ASSIGNMENT: Return the listing below verbatim. Pictures do not belong in the copy.

SUPPLIED DATA:
--- START ---

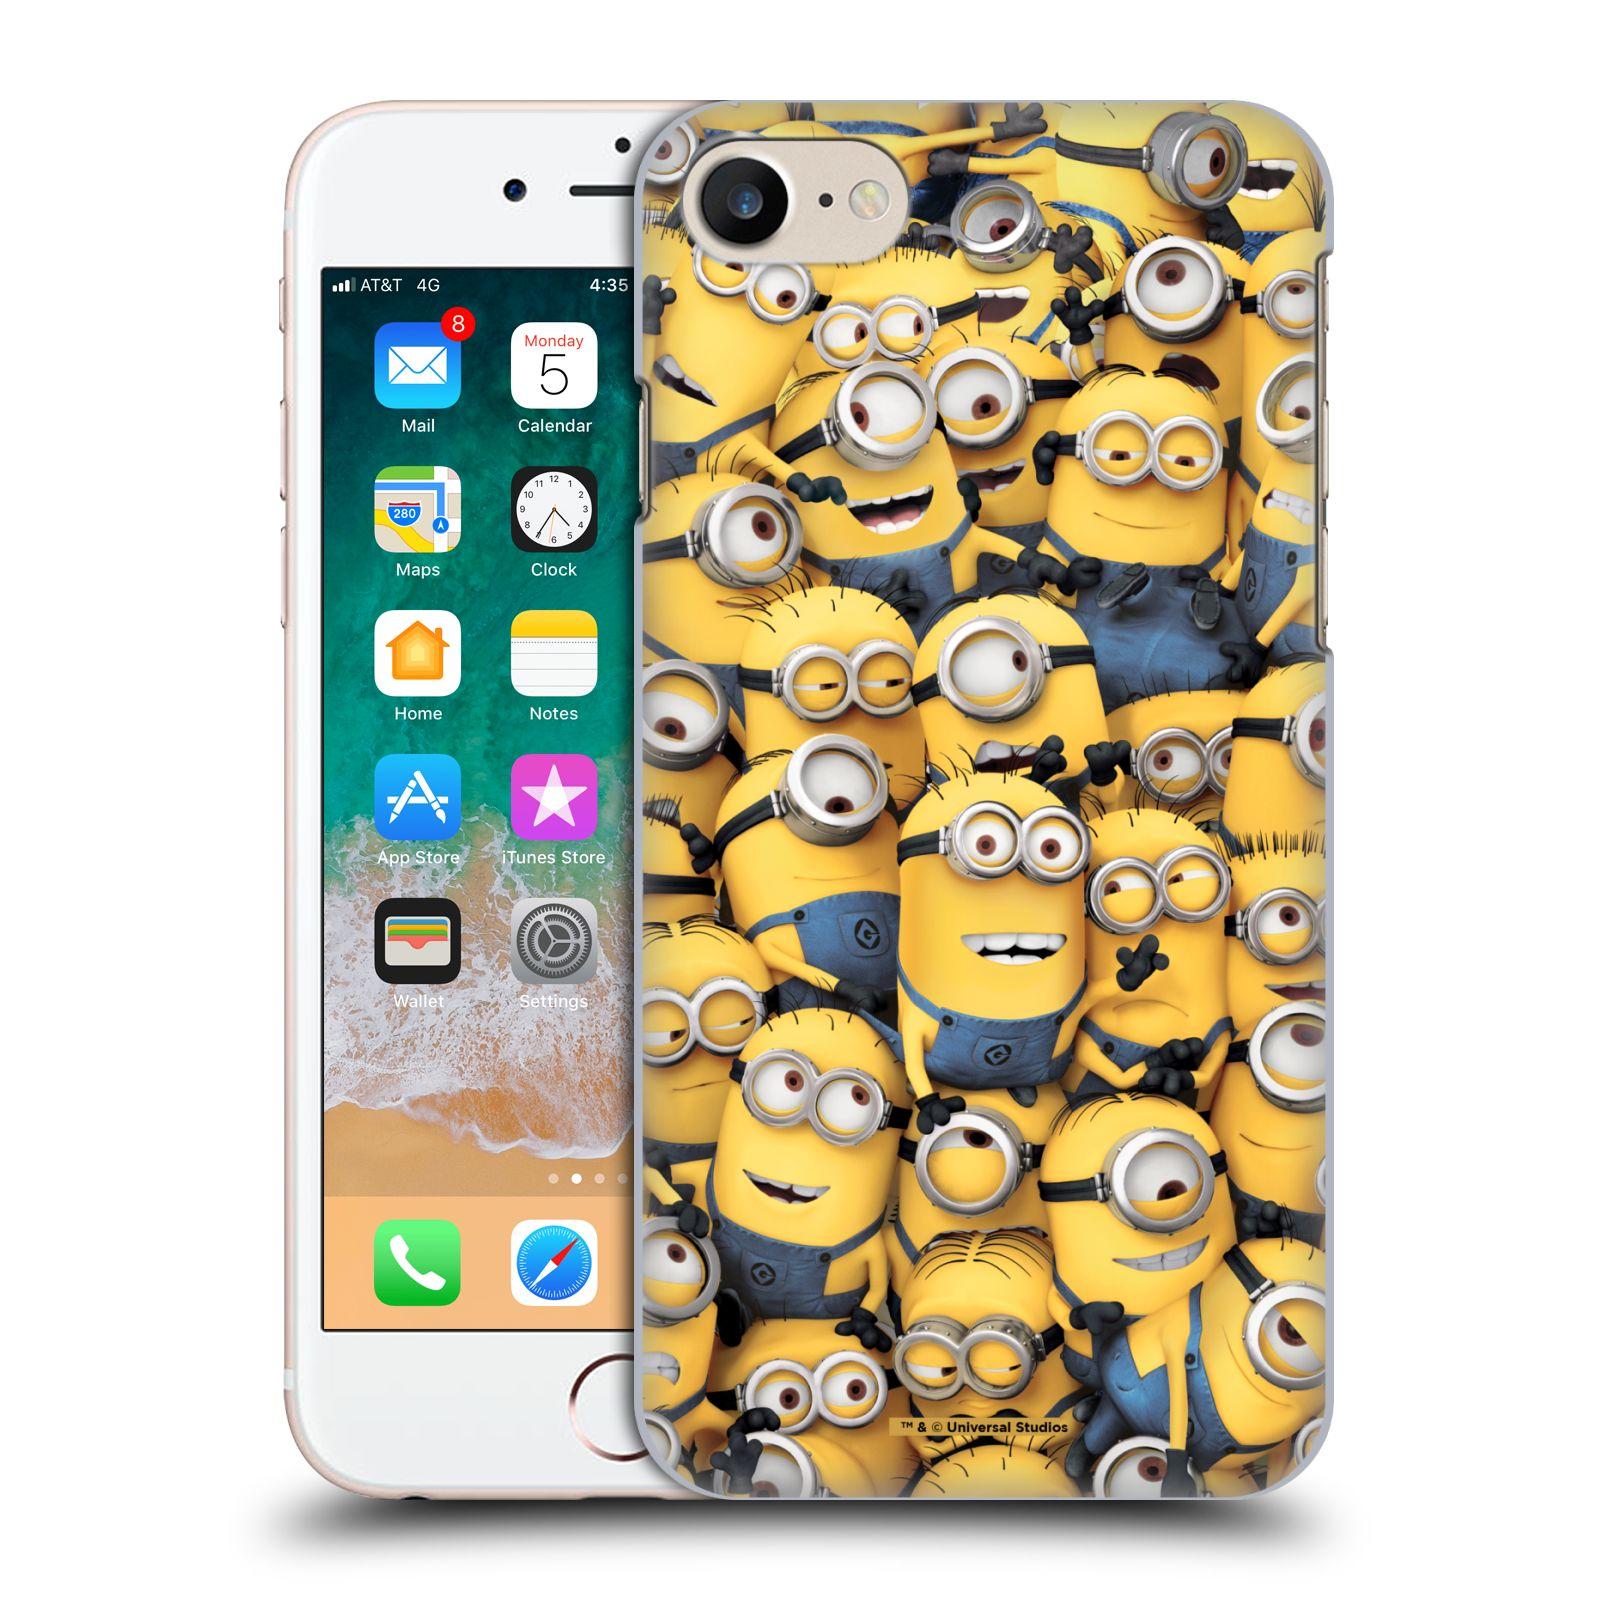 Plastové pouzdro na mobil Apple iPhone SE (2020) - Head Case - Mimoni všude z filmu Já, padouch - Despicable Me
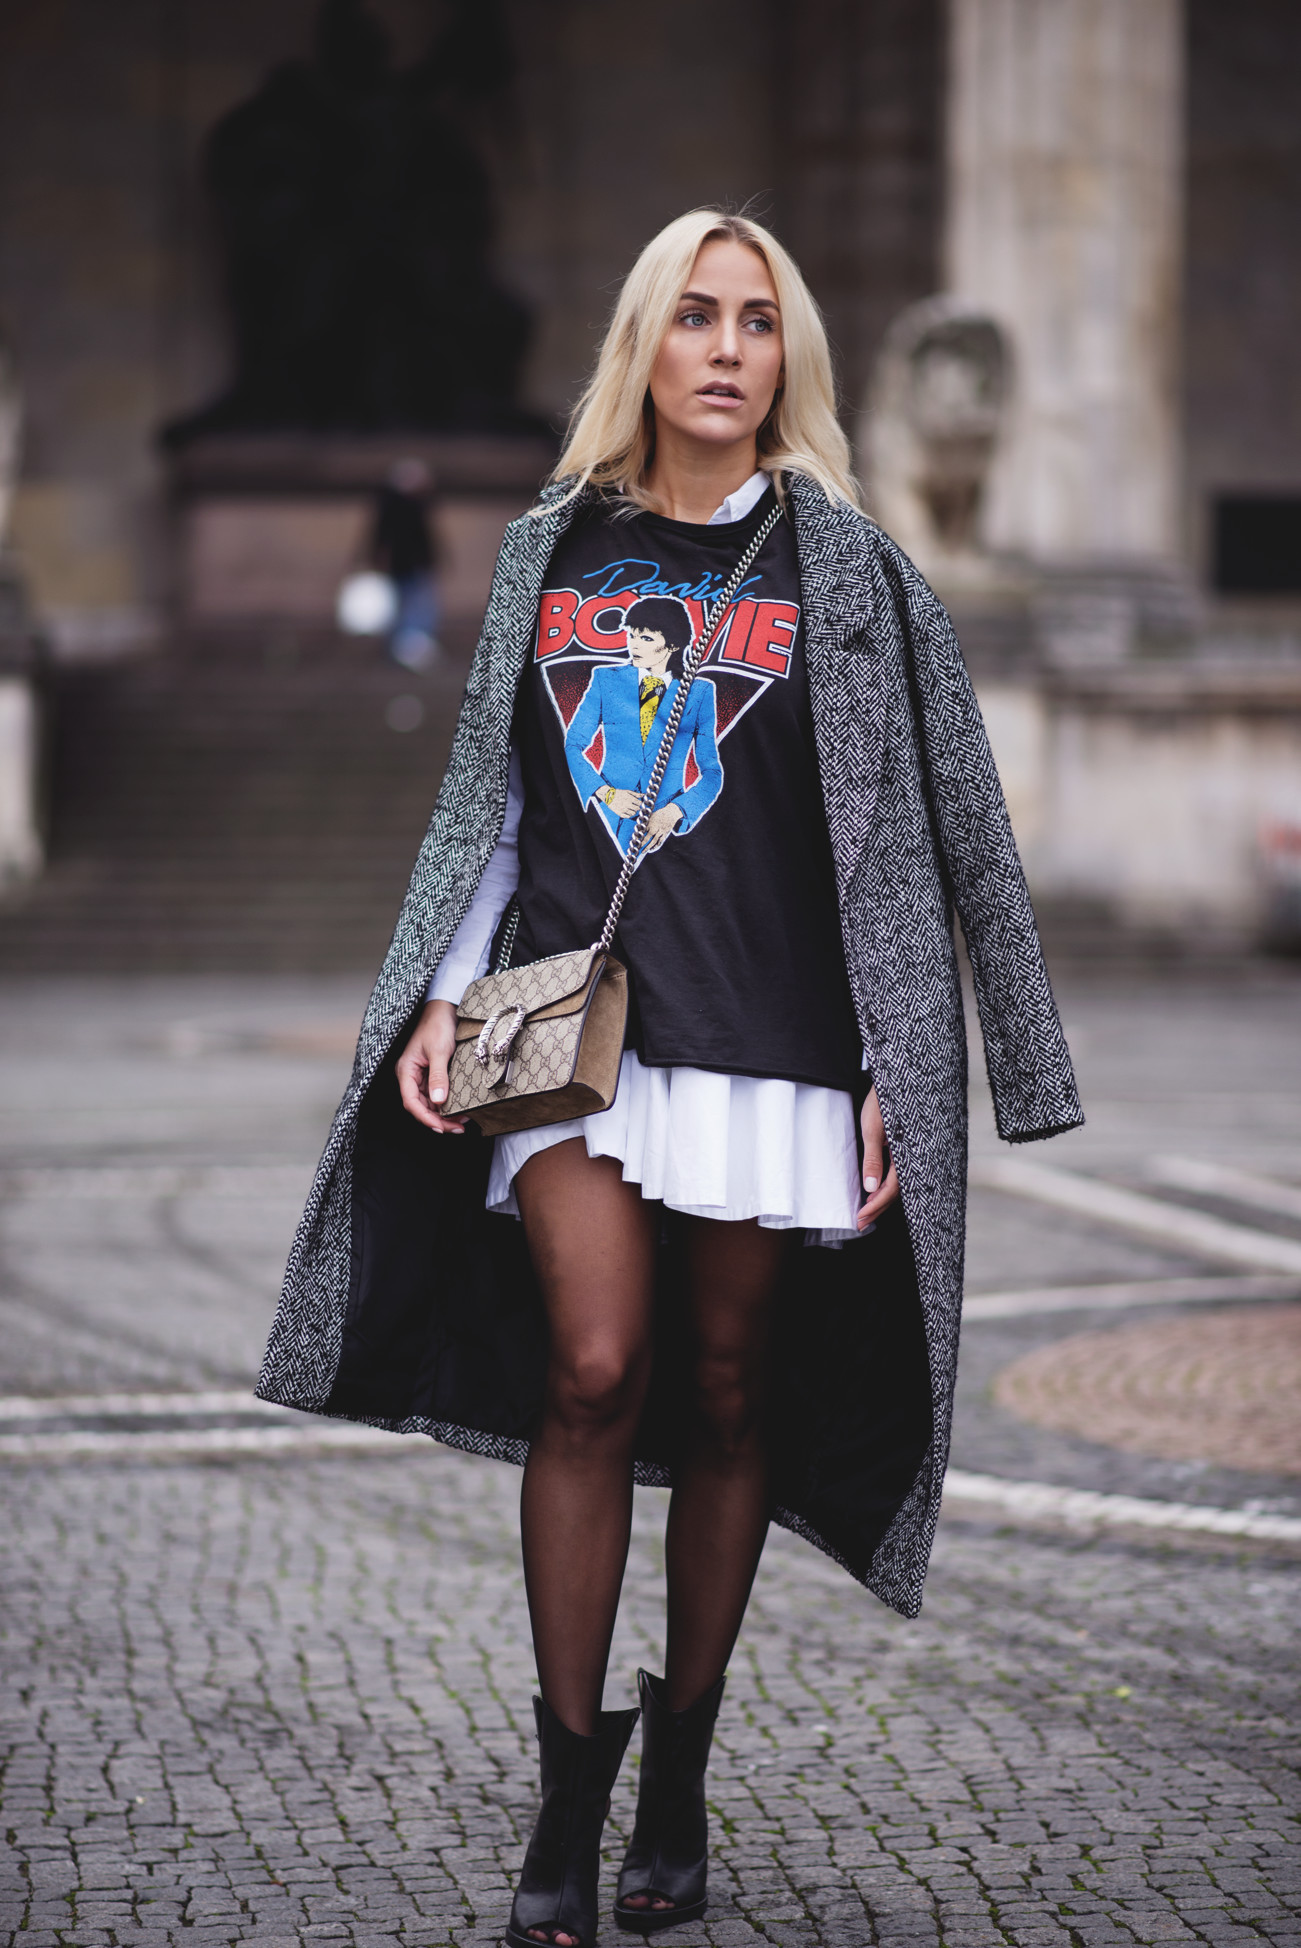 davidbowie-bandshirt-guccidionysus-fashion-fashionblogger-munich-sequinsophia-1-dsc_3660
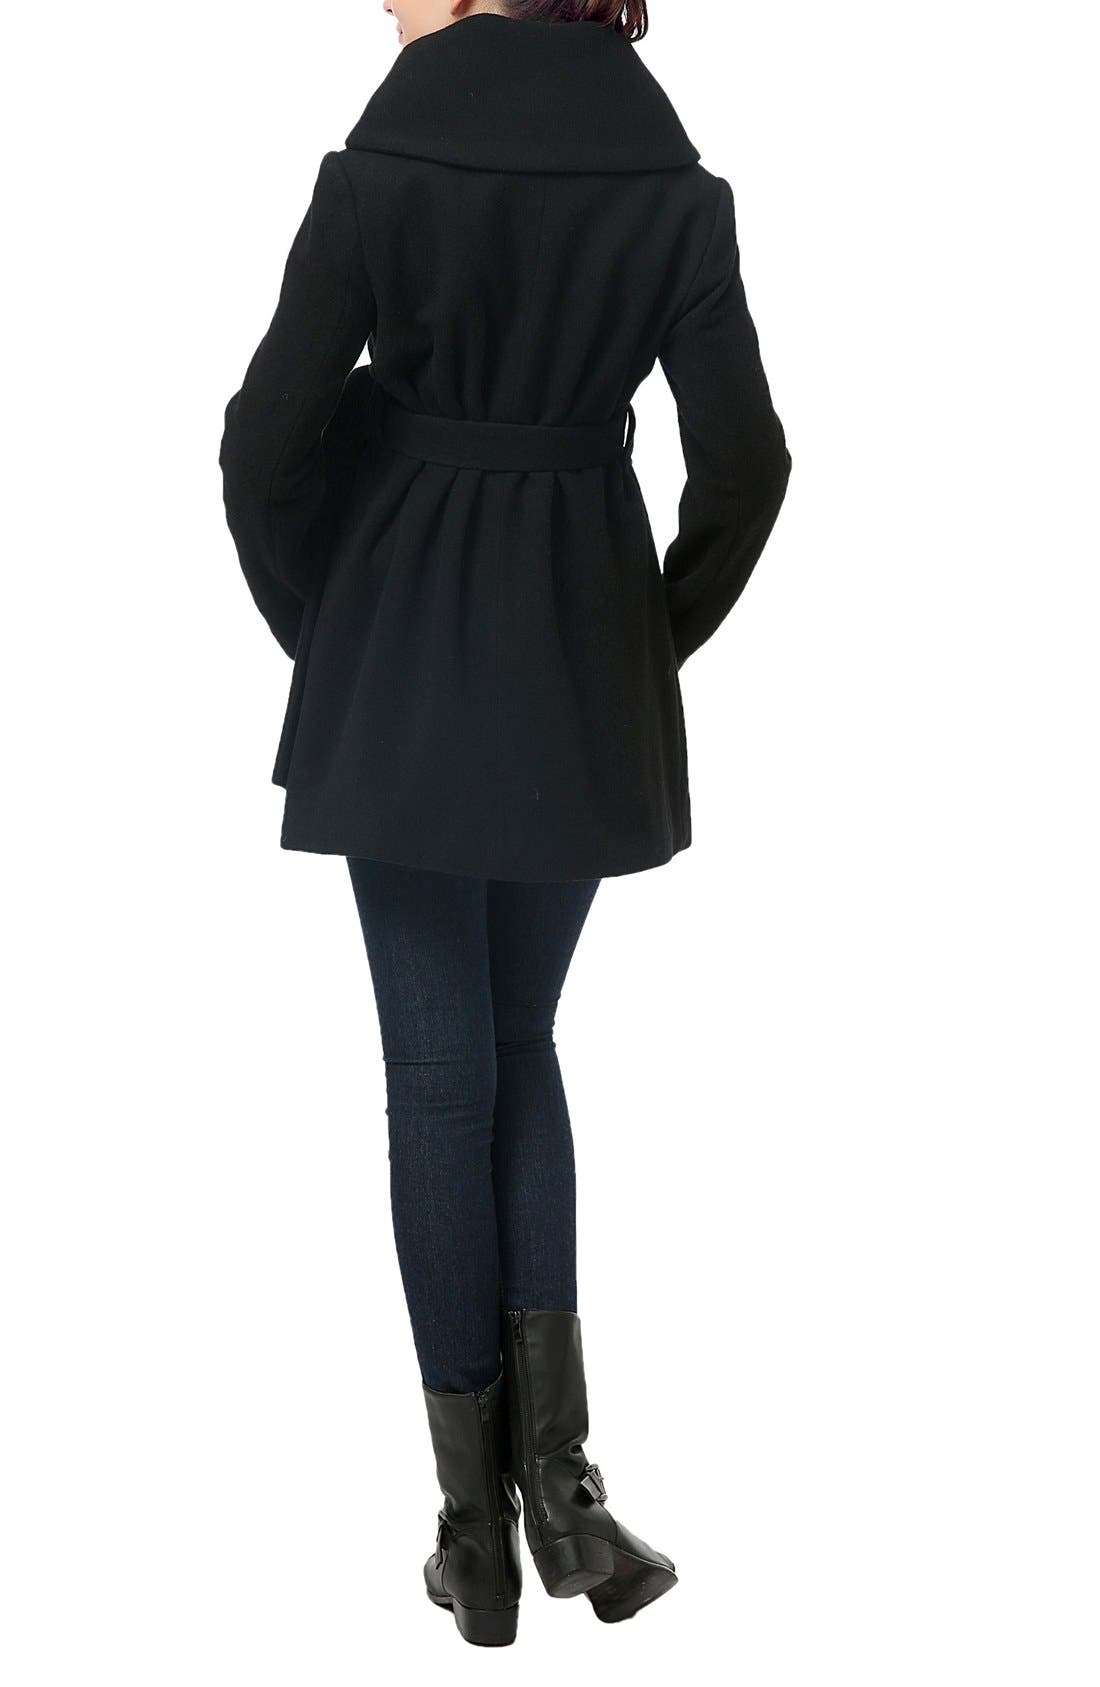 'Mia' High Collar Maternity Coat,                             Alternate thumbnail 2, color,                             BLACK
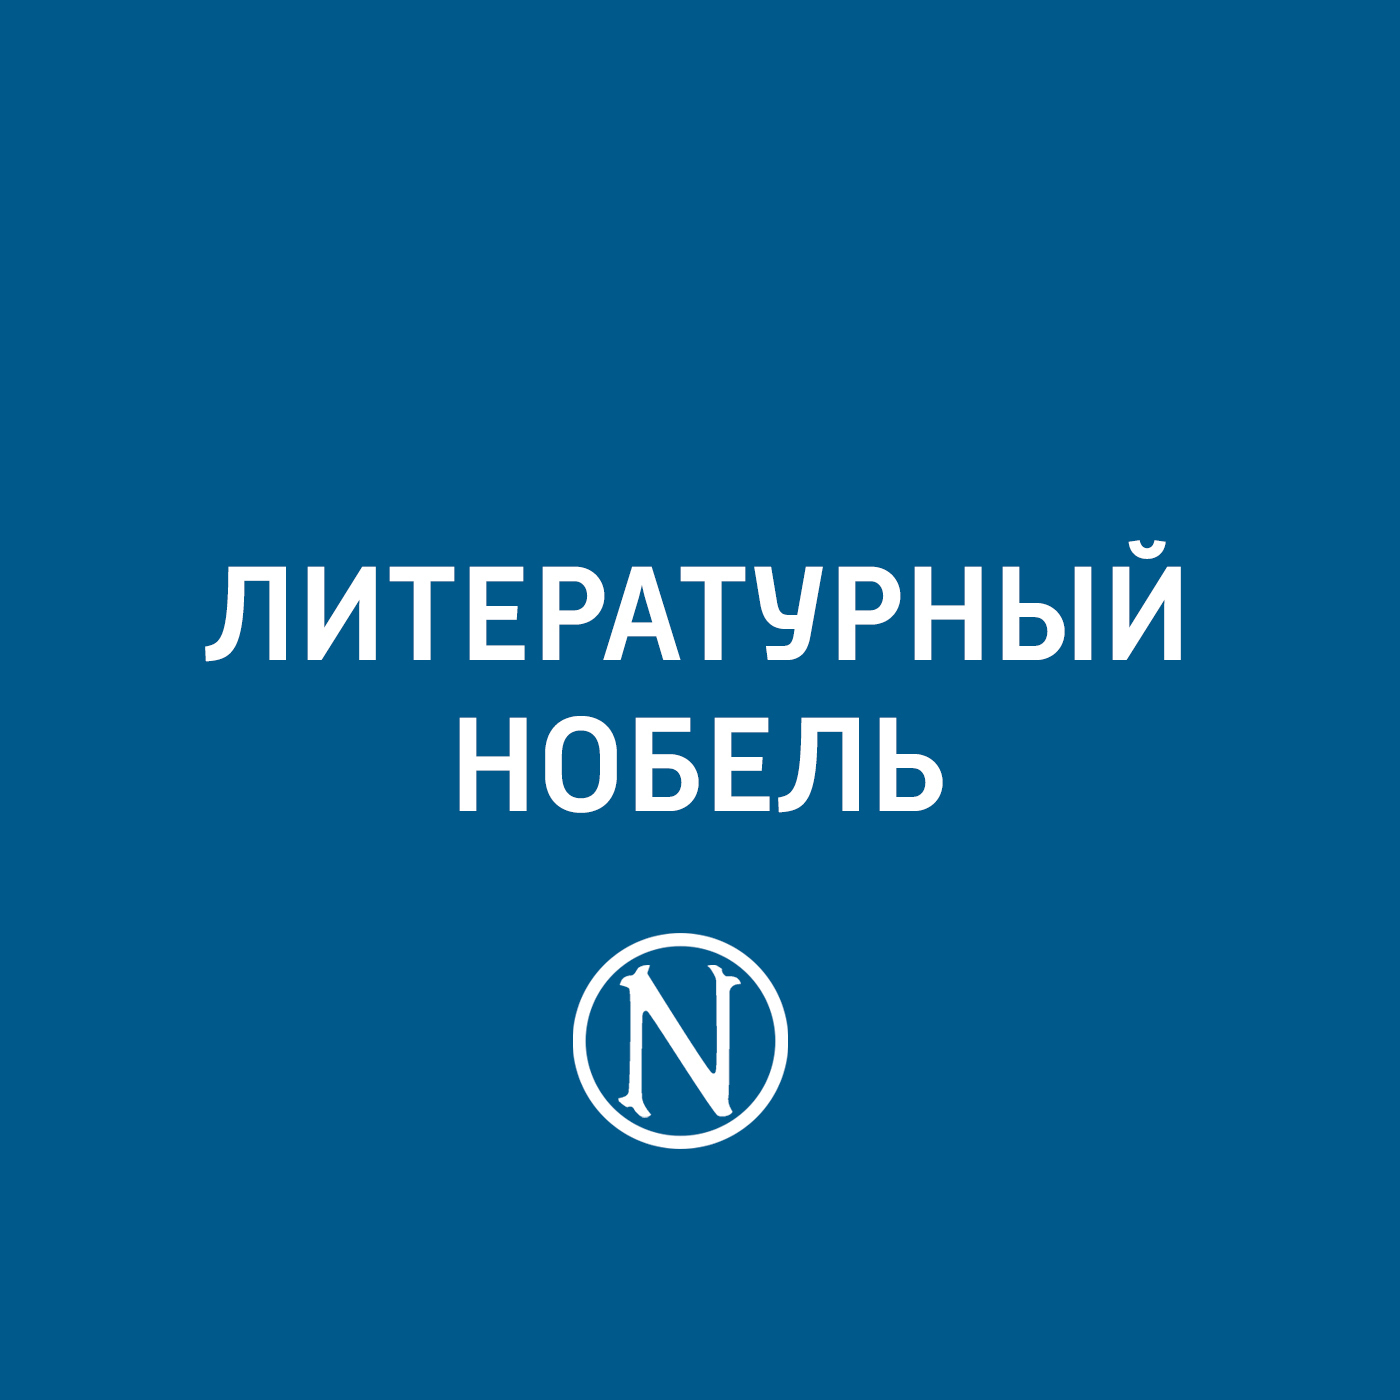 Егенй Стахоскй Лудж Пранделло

--- END ---

OUTPUT OF THE TASK:
 Plastové pouzdro na mobil Apple iPhone SE (2020) - Head Case - Mimoni všude z filmu Já, padouch - Despicable Me
 davidbowie-bandshirt-guccidionysus-fashion-fashionblogger-munich-sequinsophia-1-dsc_3660
 'Mia' High Collar Maternity Coat,                             Alternate thumbnail 2, color,                             BLACK
 Егенй Стахоскй Лудж Пранделло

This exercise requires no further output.